FYI I was referring to some changes to systemD that have been recently made, time will tell what those changes will effect in the coming time and if more things like that will be added. So these aren't things one can just get around because of not liking change, because for example most distributions use systemD and it's really hard to replace systemD with another init system for an existing installation if that's even possible for some of the distributions and this is also not complaining for the complaining. That's why I would be considering another distribution if things keep going like more in the wrong direction but as said before time will tell not just jumping ship yet without seeing how things go first.

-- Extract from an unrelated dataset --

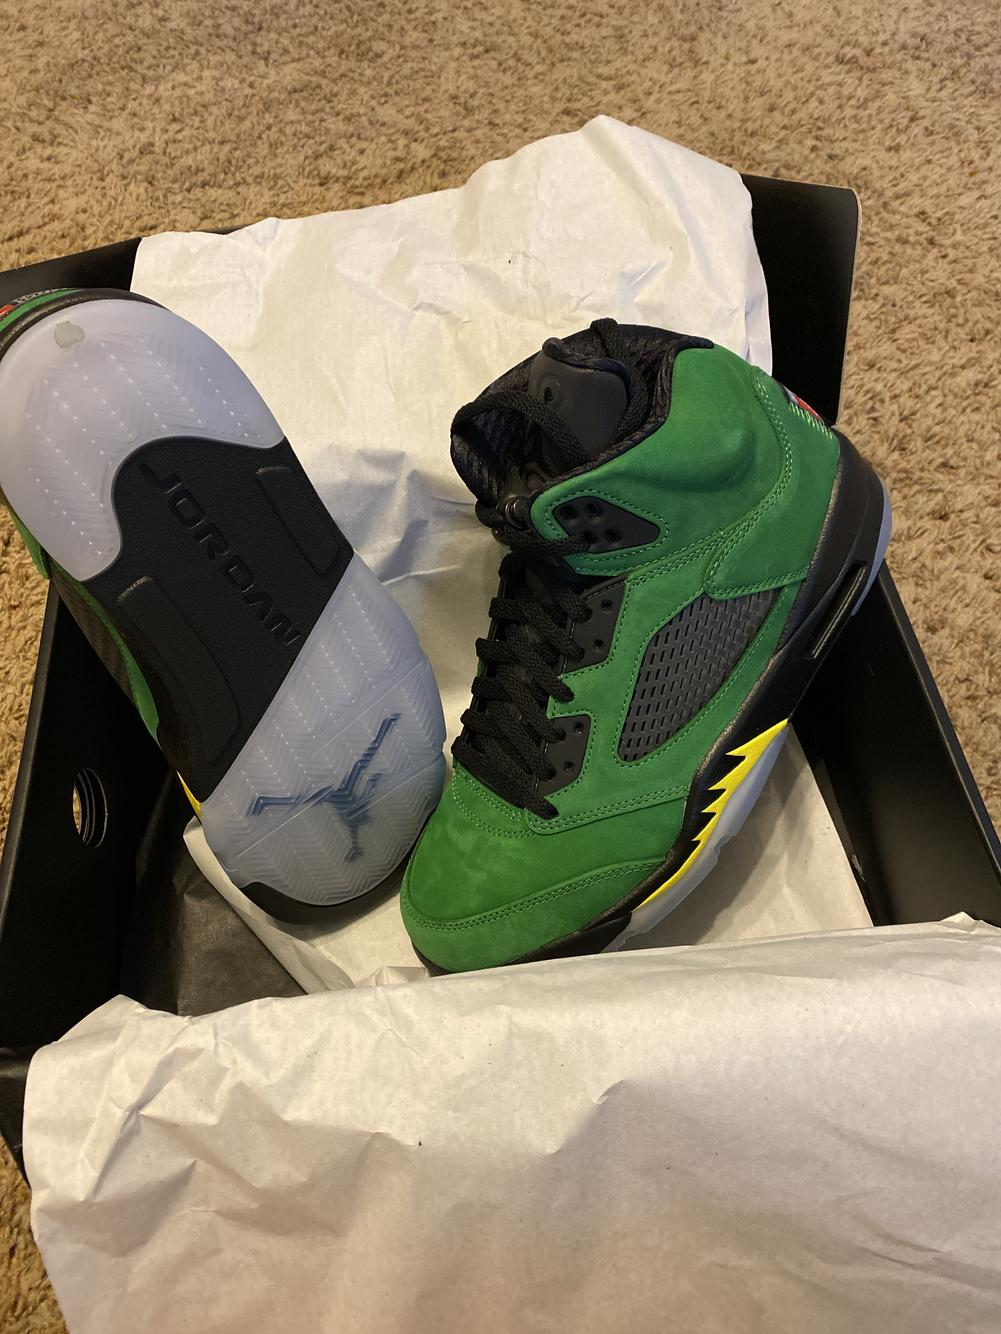 Green New Adult Men's Size 9.0 (Women's 10) Air Jordan Shoes

Also it's more complicated than that to just modify a package, not everyone has the knowledge and skill to modify systemD changes they don't like. So it's not like anyone here can just do it. Another thing is SystemD has been forked, but the the other problem as mentioned before is you can't just replace systemD because it's a dependency of a lot of things. Also what are the changes of a forked systemD ending up in the default repos of several big distributions, zero to none just look at Xlibre. That's why it would be more logical to switch to a distribution without SystemD if it gets to the point where I can't get around these type of changes anymore.
You’re talking about this, right? I agree on that point. I have not personally looked too deeply into it yet, because so far I have not run into it as a problem myself, but I do agree that it is a problem in itself
 
Last edited by a moderator:
Just be aware folks, not to start going down the rabbit hole on age restrictions. Staff consider it to be premature to discuss the matter here until further experience in the world outside of Linux dictates it may be appropriate.

TIA

Wizard
 
Just be aware folks, not to start going down the rabbit hole on age restrictions. Staff consider it to be premature to discuss the matter here until further experience in the world outside of Linux dictates it may be appropriate.

TIA

Wizard
I haven't mentioned the age restriction nor do I care about that. I was talking about completely different things, much more important that the limitations of the slowest state of America.
 
You’re talking about this, right? I agree on that point. I have not personally looked too deeply into it yet, because so far I have not run into it as a problem myself, but I do agree that it is a problem in itself
Just be aware folks, not to start going down the rabbit hole on age restrictions. Staff consider it to be premature to discuss the matter here until further experience in the world outside of Linux dictates it may be appropriate.
I wasn't calling it by it's name on purpose to avoid another discussion about it but to focus more on why you can't get around some changes, I have removed the link to the video and replaced it with the Github fork page. However if the discussion about that topic is started again I will remove all replies that contain that topic.
I haven't mentioned the age restriction nor do I care about that. I was talking about completely different things, much more important that the limitations of the slowest state of America.
It still falls under the topic of the topic you started which is limitations and freedoms to choose in Linux as we all have our preferences for certain things when it comes to using our computer.
 
To me Linux in computing terms is freedom, you are not enforced into one size fits all scenario, Example, if we were to take any distro, give it to 50 experienced Linux users and told them to do what they like with it, by the time everyone has chopped a bit here added a bit there , swapped this app for that app we would end up with 50 distributions called the same but with a different to feel each.as we keep saying Linux is almost totally customisable, you make it what you want.